La semana pasada quedó de manifiesto, una vez más, que hay morenistas que les gusta trazar su propia “ruta”, sin hacer lo que políticamente debería ser lo correcto; y me refiero específicamente a lo que ocurrió en el Senado de la República, en torno a las modificaciones a la Ley de Amparo, un asunto por demás importante para la administración de Claudia Sheinbaum, ya que engloba parte de sus políticas públicas. Pero resulta que un grupo de legisladores morenistas y aliados modificaron la propuesta, es decir, se fueron por “la libre”, ni siquiera tomaron en cuenta a los asesores de la Jefa del Ejecutivo ni mucho menos a la propia “inquilina” de Palacio Nacional, y decidieron incluir un transitorio que involucra la retroactividad de esta nueva norma, algo que, de acuerdo al Artículo 14 de la Constitución, no procede de esta forma, y cada nuevo reglamento o modificación se ejecutará a partir de su publicación, y no toma en cuenta todo lo que haya ocurrido previamente.
Pandilla.
Ya constatamos que existe una “pandilla” de senadores morenistas y aliados que son encabezados por Adán Augusto López, quien se suponen solo recibe órdenes desde Chiapas, y no desde Palacio Nacional, es por ello que la propuesta inicial del Ejecutivo Federal tuvo esa “pequeña” modificación, algo que hizo molestar seguramente a Sheinbaum Pardo, y ha sido ella misma, junto con el Ministro en retiro, Arturo Zaldívar, quienes han pedido, casi ordenado, que en la Cámara de Diputados se dé esta corrección para que se elimine esta parte de la retroactividad de la Ley de Amparo. Todo es un gran mensaje de lo que puede estar pasando al interior de Morena, y me parece muy desafortunado lo desafiante que ha resultado el ex gobernador de Tabasco con la Presidenta, porque algo le debe quedar muy claro al legislador, el poder no se comparte, y quien manda en ese partido y en el país, es ella, por los próximos cinco años, le guste o no.
Adelantado.
Creo que la actitud de Adán Augusto lleva implícita su aspiración a la sucesión en el 2030, porque si bien está algo adelantado, considero que su principal “fuerza” política al interior de Morena es la relación que mantiene con López Obrador, y sabe que mientras siga haciendo lo que él le ordene, seguirá ganando su confianza para que pueda ser “palomeado” para ese entonces.
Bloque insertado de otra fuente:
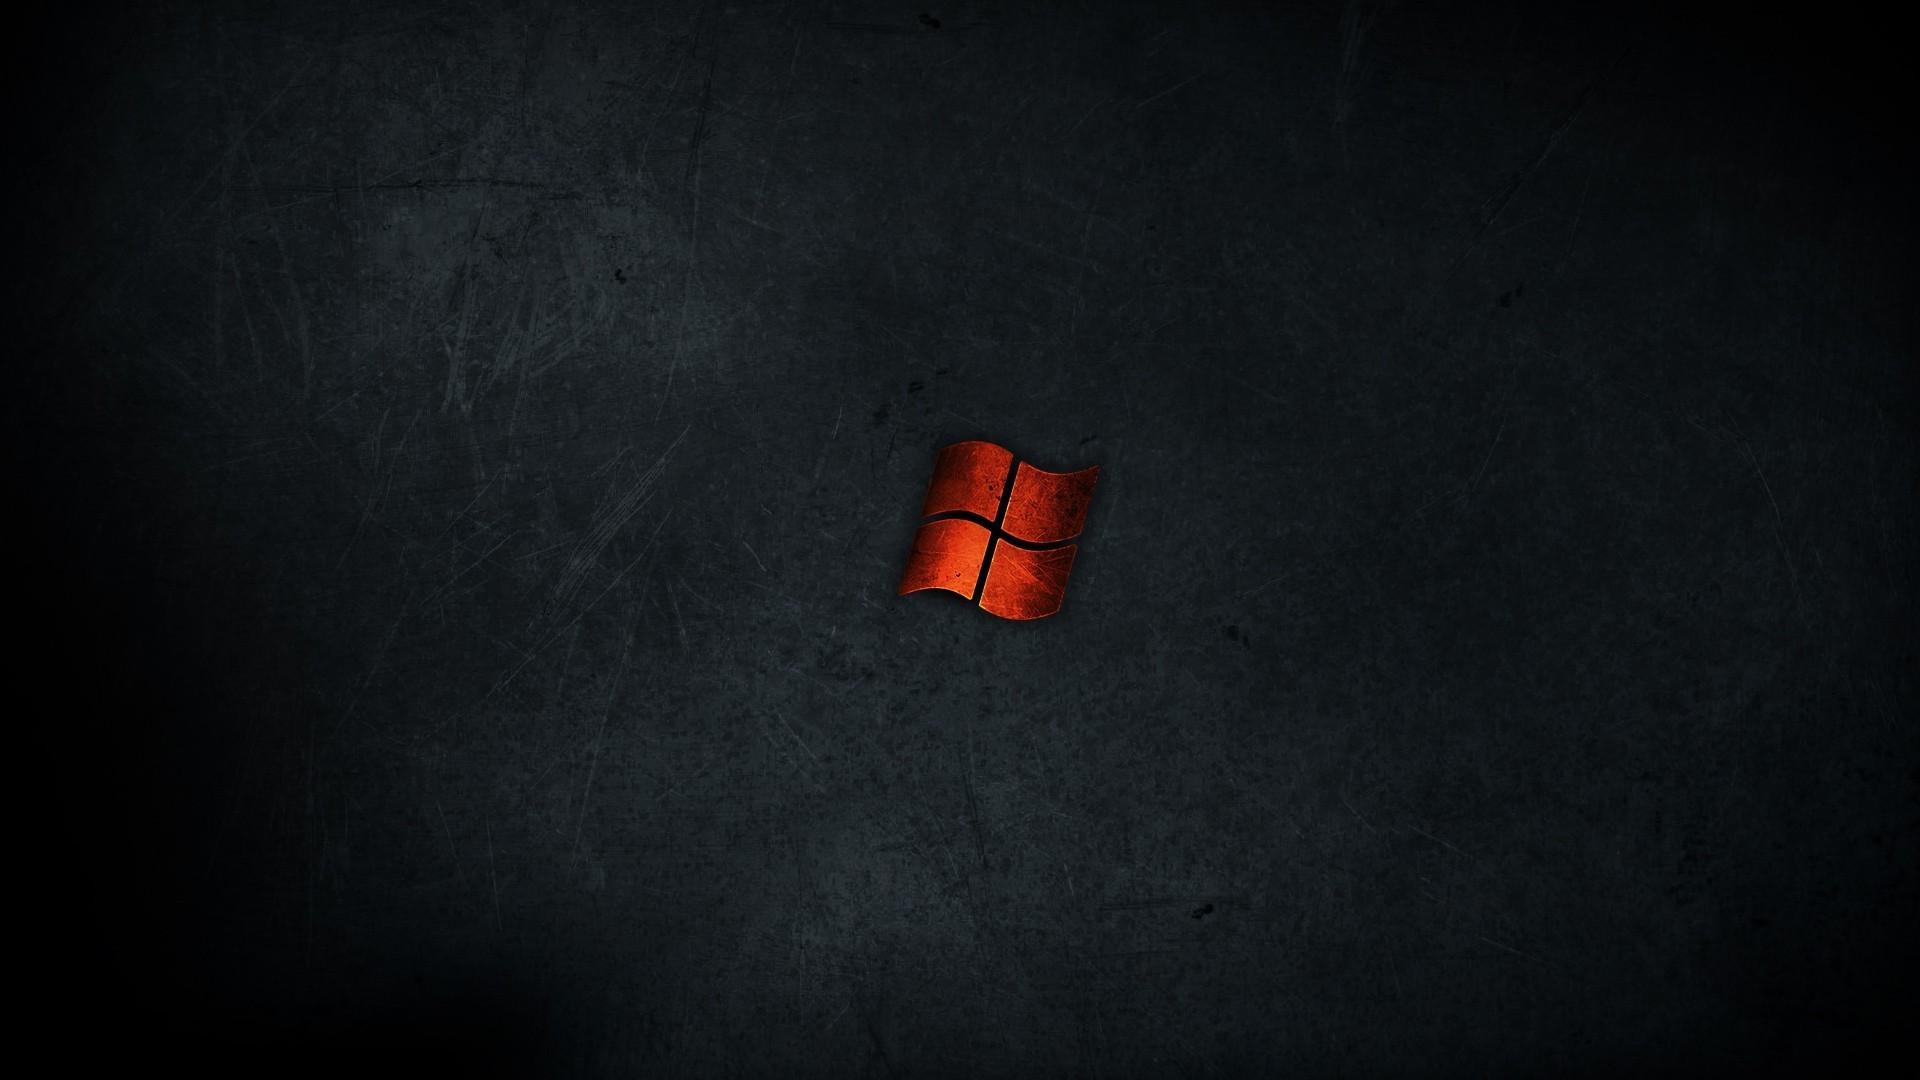 4k Windows 10

El problema es que falta mucho tiempo y en el trayecto pueden ocurrir muchas cosas, hasta un rompimiento con el ex presidente y todo su grupo. El también ex secretario de gobernación sabe que podría tener mayores posibilidades de seguir, si Andrés Manuel López Beltrán continúa fuera de los “reflectores” políticos, que sería quien le pudiera hacer “sombra” al coordinador de la bancada morenista en el Senado en cuanto a su aspiración en el 2030.
Fuego amigo.
Algunos analistas a nivel nacional han mencionado que hubo una llamada entre Adán Augusto y la Presidenta, Claudia Sheinbaum, donde el legislador le pedía que concluyera el “fuego amigo”; algo que me parece un grave error, de confirmarse dicha llamada, pues si alguien está en la “mira” del Gobierno Federal, casi al mismo nivel de Alejandro Moreno, líder del PRI a nivel nacional, por señalamientos de corrupción mientras fue gobernador de Campeche, es precisamente el ex secretario de gobernación. Además es muy complicado pensar que los “ataques” en contra de Adán Augusto vienen desde adentro de su propio partido o del gobierno, cuando tiene una enorme lista de pendientes que han salido a la luz en los últimos días, tanto en cuanto a sus ligas con el grupo criminal “la barredora”, como la cantidad de dinero que recibió entre el 2023 y el 2024 sin su respectiva declaración, más lo que se acumule en los próximos días.
Postura.
Claro que la postura de la Presidenta ha sido la correcta, pues en su narrativa mediática, a través de la conferencia “mañanera”, se ha dedicado a hablar bien del Senador de la República, pero evidentemente de todo lo que se le ha señalado al ex gobernador, ella por lo menos sabía desde mucho antes.